The mean marks (out of 100) of boys and girls in an examination are 70 and 73 respectively. If the mean marks of all the students in that examination are 71,
find the ratio of the number of boys to the number of girls.

Sol:

Let the number of boys and girls be x and y respectively.
Now,
Given, Mean marks of x boys in the examination = 70
⇒  Sum of marks of x boys in the examination = 70x

Given, Mean marks of y girls in the examination = 73
⇒  Sum of marks of y girls in the examination = 73y

Given, Mean marks of all students ( x + y ) in the examination = 71
⇒  Sum of marks of all students ( x + y ) students in examination = 71( x + y )
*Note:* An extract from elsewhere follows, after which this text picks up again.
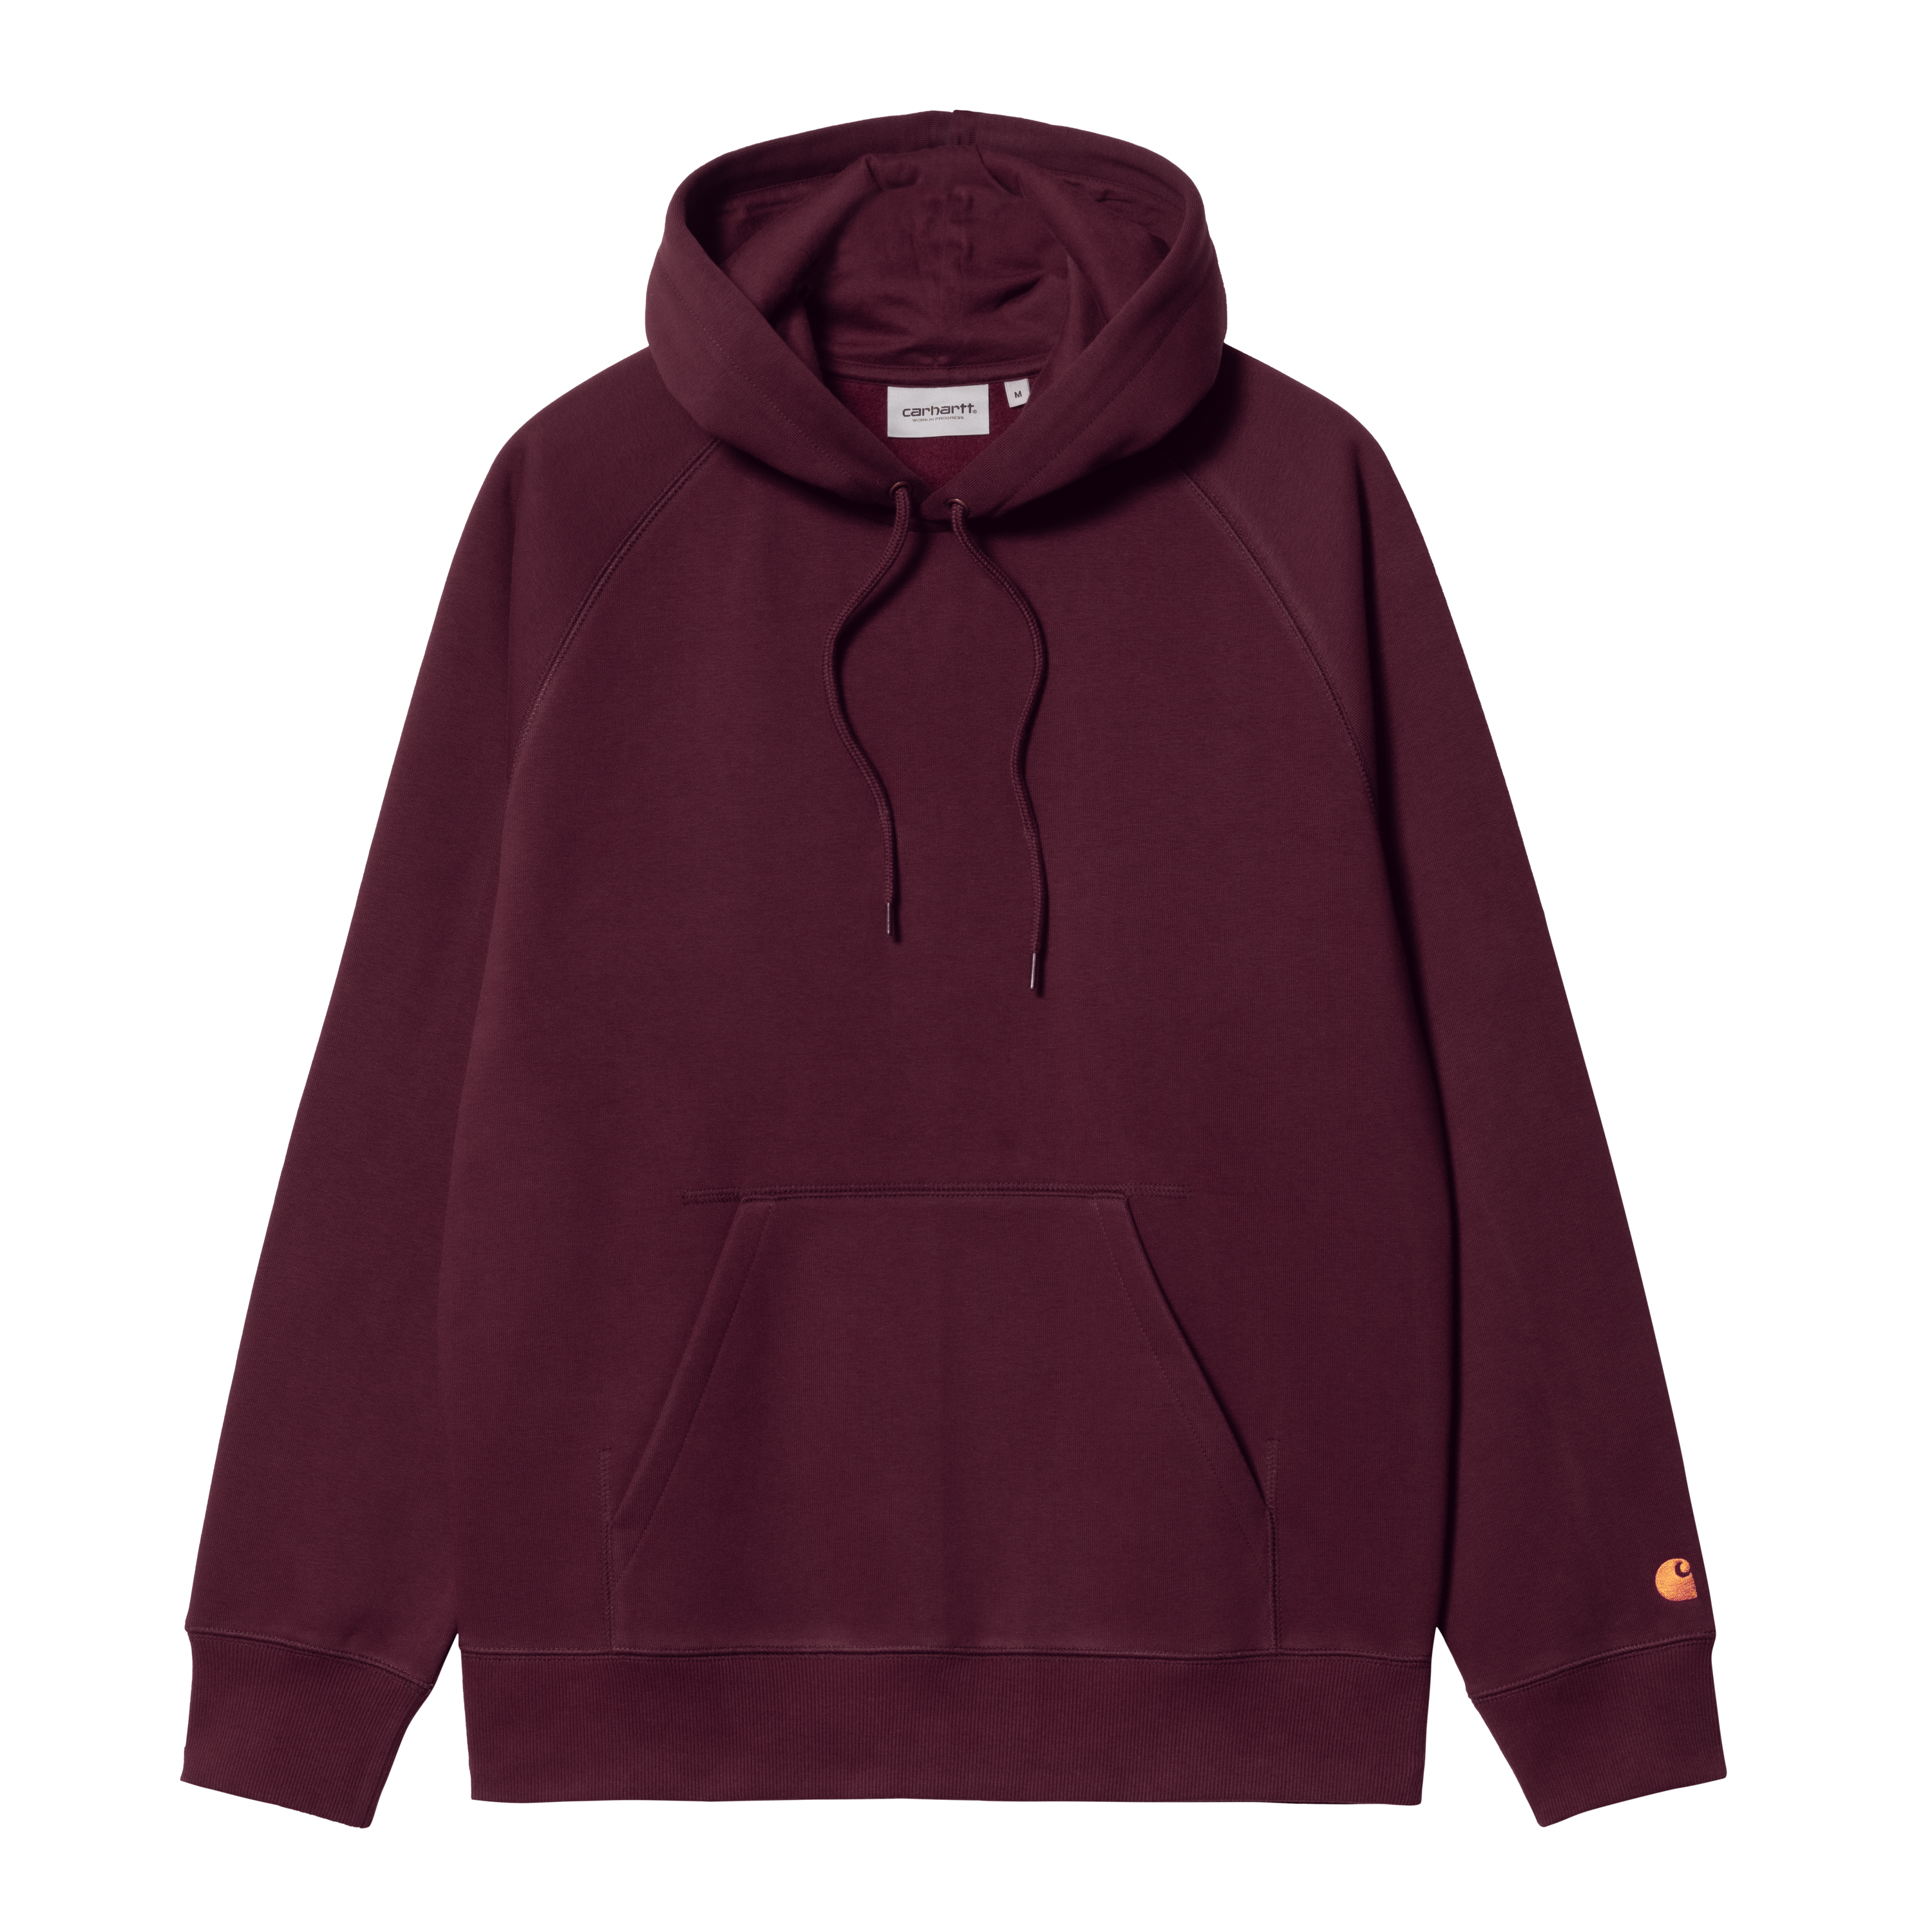 Carhartt WIP - HOODED CHASE SWEAT - Amarone/Gold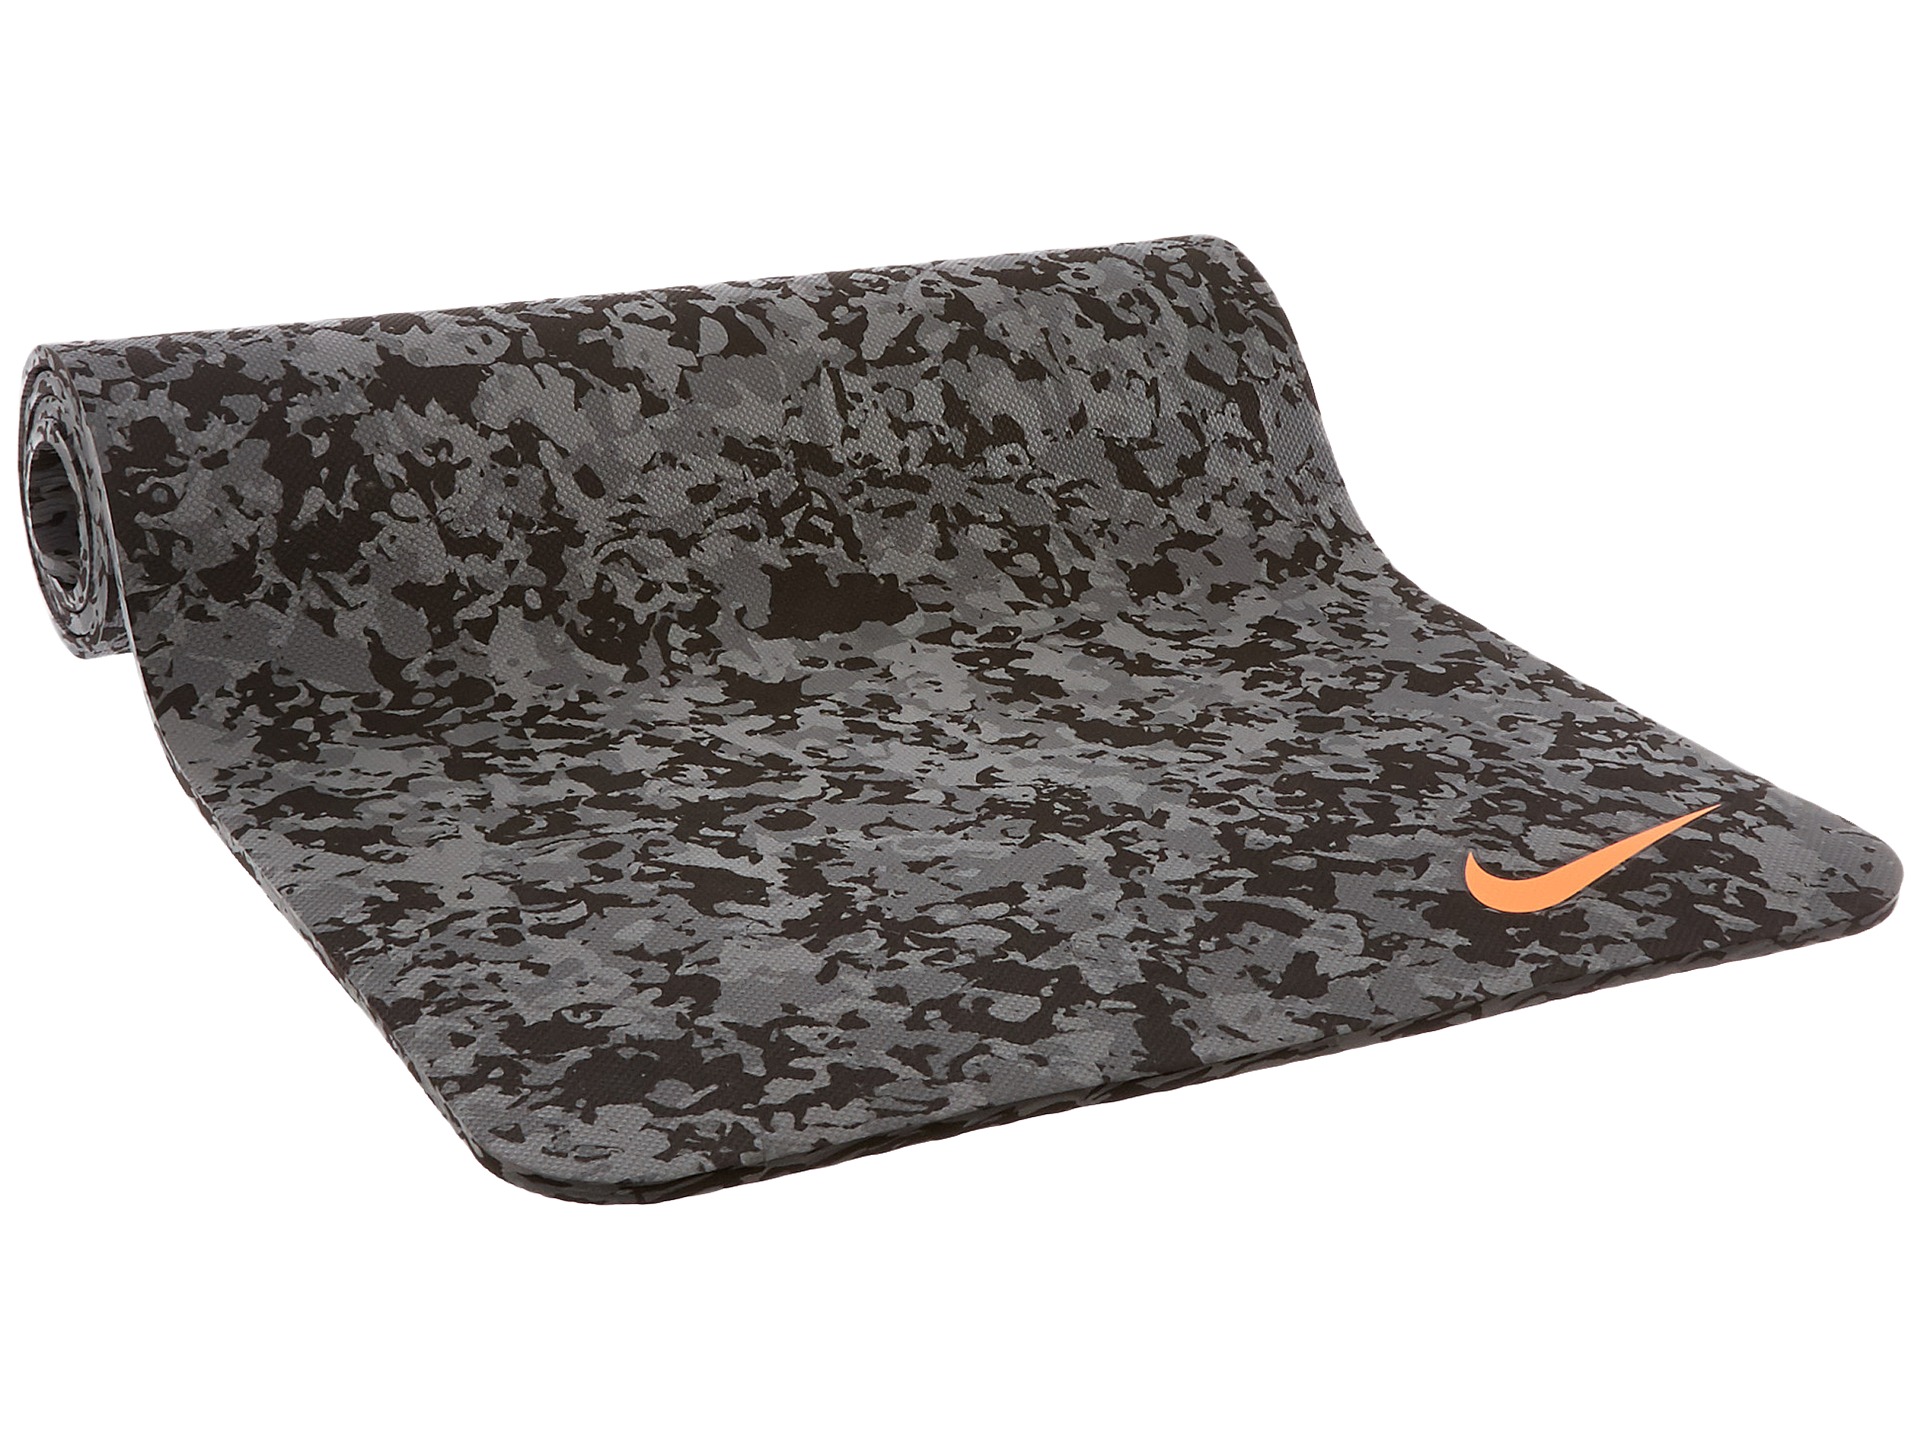 30 Minute Nike Workout Mat for Build Muscle

Now, the Sum of marks of all students ( x + y ) students in the examination
⇒  Sum of marks of x boys in the examination + Sum of marks of y girls in the examination

⇒ 71( x + y ) = 70x + 73y
⇒ 71x + 71y = 70x + 73y
⇒ x = 2y
⇒ ${\displaystyle \frac{x}{y}=\frac{2}{1}}$
⇒ x: y = 2 : 1 

Thus, the ratio of the number of boys to the number of girls is 2 : 1.

Question 15

Find x if 9, x, 14, 18 x, x, 8, 10 and 4 have a mean of 11.

Sol:

Mean = ${\displaystyle \frac{\text{Sum of observations}}{\text{Total number of observations}}}$

⇒ 11 = ${\displaystyle \frac{9+x+14+18+x+x+8+10+4}{9}}$

⇒ 11 x 9 = 63 + 3x
⇒ 3x + 63 = 99
⇒ 3x = 99 - 63
⇒ 3x = 36
⇒ x = 12

Question 16

In a series of tests, A appeared for 8 tests. Each test was marked out of 30 and averages 25. However, while checking his files, A could only find 7 of the 8 tests. For these, he scored 29, 26, 18, 20, 27, 24 and 29.
Determine how many marks he scored for the eighth test.

Sol:

Total number of tests = 8

The average score of A = 25

Let the score of the 8^th test be x.

Then, total score of 8 tests = 29 + 26 + 18 + 20 + 27 + 24 + 29 + x

Now, we have
Mean = ${\displaystyle \frac{\text{Total score of 8 tests}}{\text{Total number of tests}}}$

⇒ 25 = ${\displaystyle \frac{29+26+18+20+27+24+29+x}{8}}$

⇒ 25 x 8 = 173 + x

⇒ x + 173 = 200

⇒ x = 200 - 173

⇒ x = 27

Thus, A scored 27 marks in the eights test.